Handling Interrupted System Calls • Basic rule: when a process is blocked in a slow system call and the process catches a signal and the signal handler returns, the system call can return an EINTR. • Some kernels automatically restart some interrupted system calls. • To handle the interrupted accept for (; ; ) if ( ( connfd = accept (……) ) < 0 ) if (errno == EINTR) continue;
Handling Interrupted System Calls • connect cannot be restarted using the self restart. Must use a select. • The select can be used to check for a successful or unsuccessful completion of the connection. • The code will time wait on the connection establishment and can thereby specify a time limit to wait (can wait forever therefore infinite blocking). • This is typically used with a non-blocking TCP socket on which a connect is called. • The non-blocking TCP socket allows multiple connections to be established at the same time; used with some Web browsers.
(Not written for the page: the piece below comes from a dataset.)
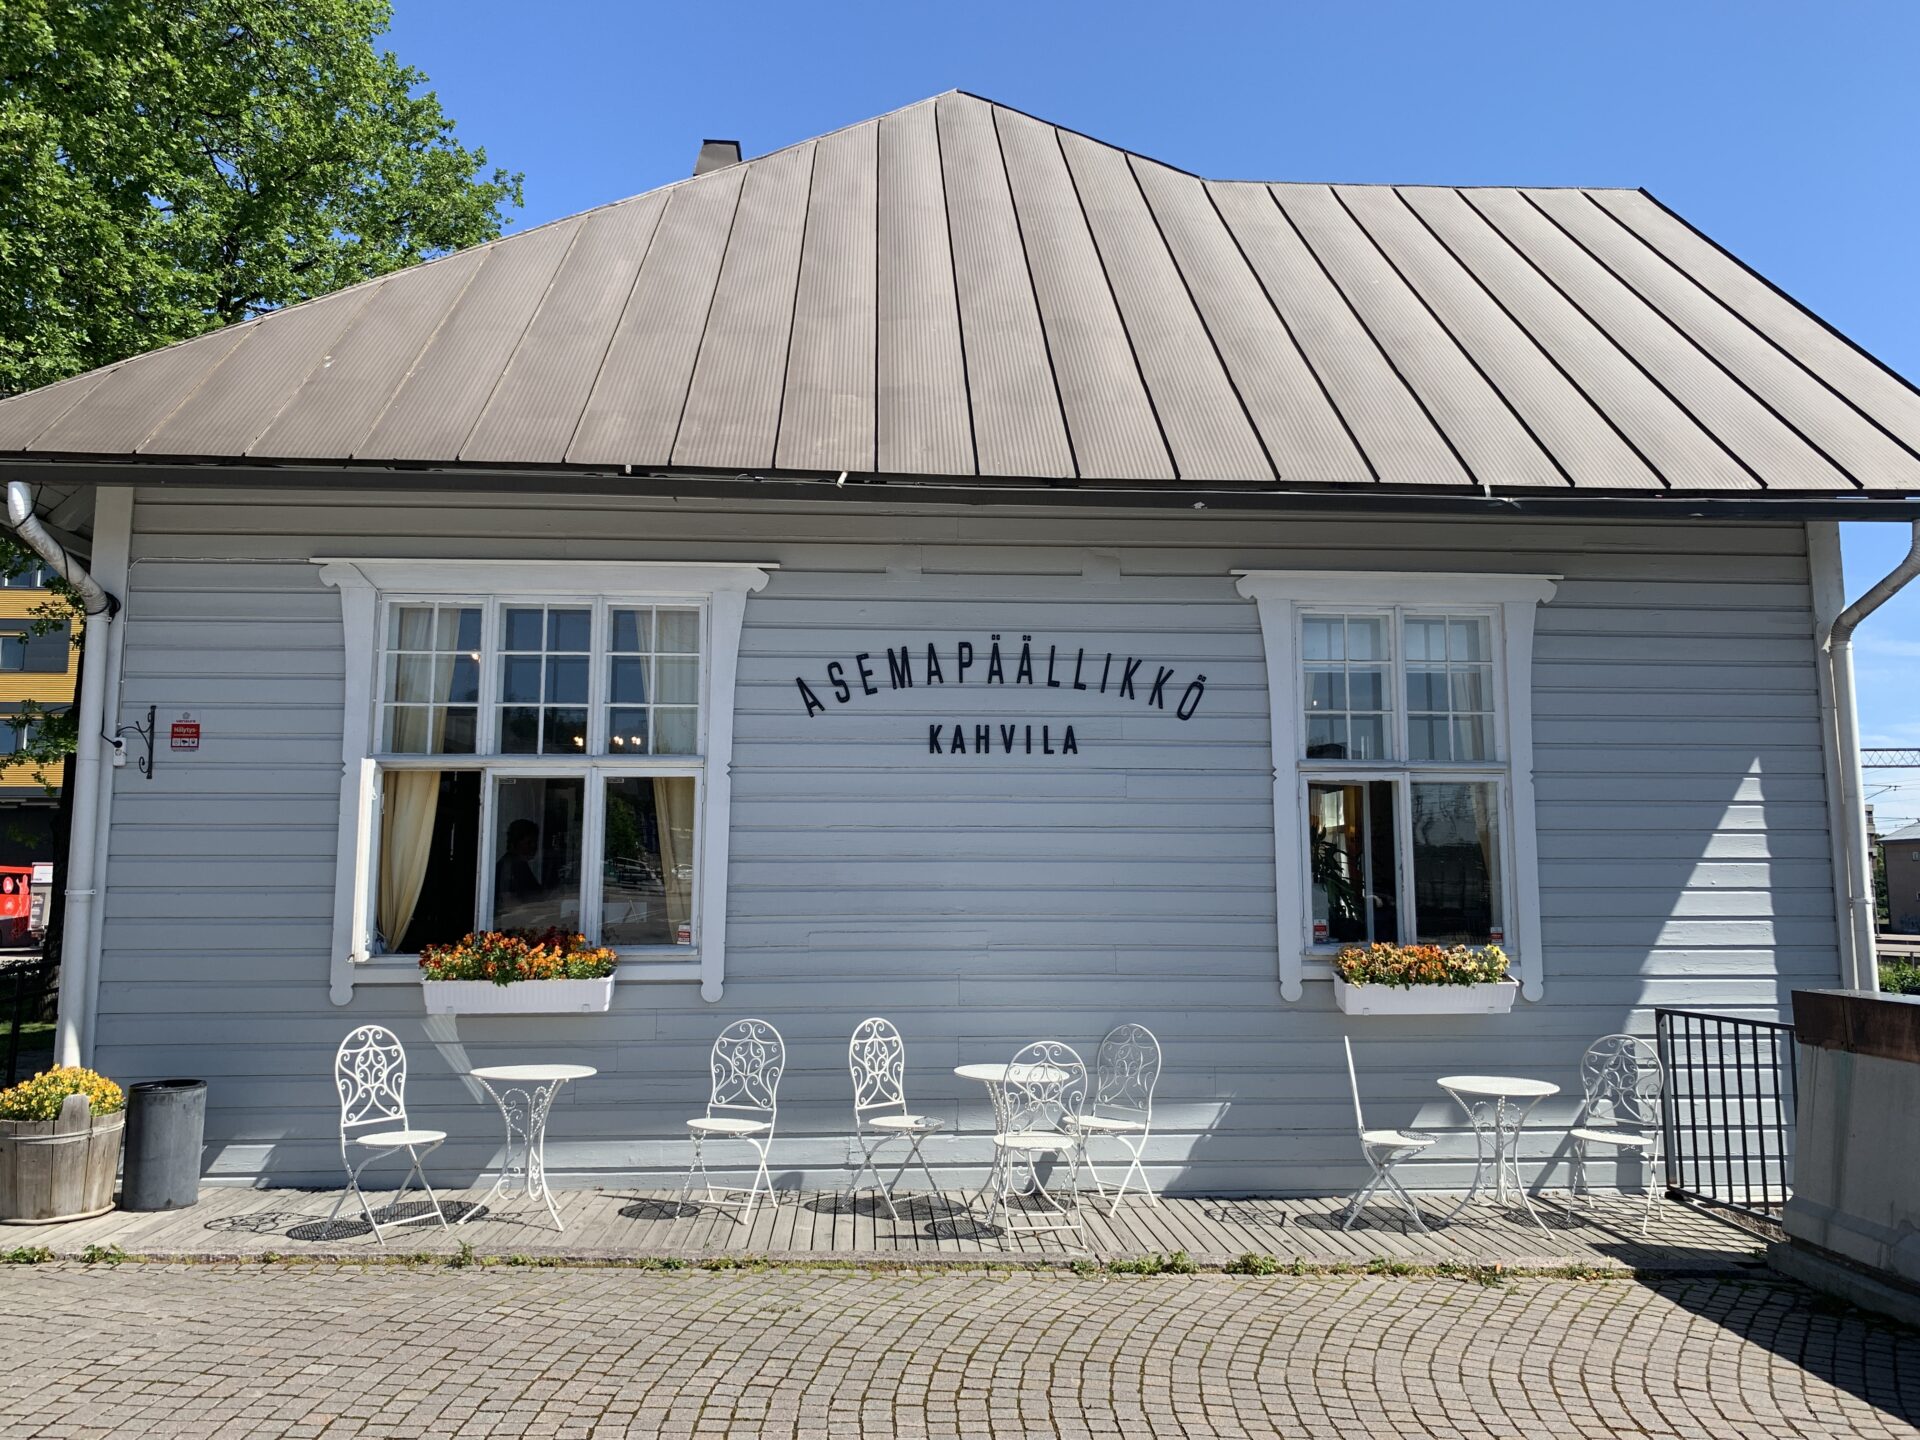 Asemapäällikkö, Lahti – One of the 30 loveliest cafes in Finland

Wait function • The wait function returns two values; one through a return and one through a value-result pair. • One value is the process id of the terminated child (returned). • The other value is an integer (value-result) that represents the termination status of the child. (normally, killed-by-signal, or a job control stop). • The waitpid function provides more control allowing deterministic choice of which process to wait for. Also a variety of options are available for further definition of the wait state behavior. • waitpidaddresses the shortcoming of establishing a signal handler and simply calling wait; it won’t prevent zombies.
In a multiple child termination process, a number of termination signals can be generated prior to the signal handler executing. • The signal handler will only execute once, since Unix normally does not queue signals. • Hence the signal handler will only execute one or two times (same machine or different) leaving N-2 or N-1 zombies. • The solution is to run waitpid in a loop which will obtain the status of any children to be terminated. • Must use the WNOHANG option (3rd argument). This tells waitpid not to block if there are children running.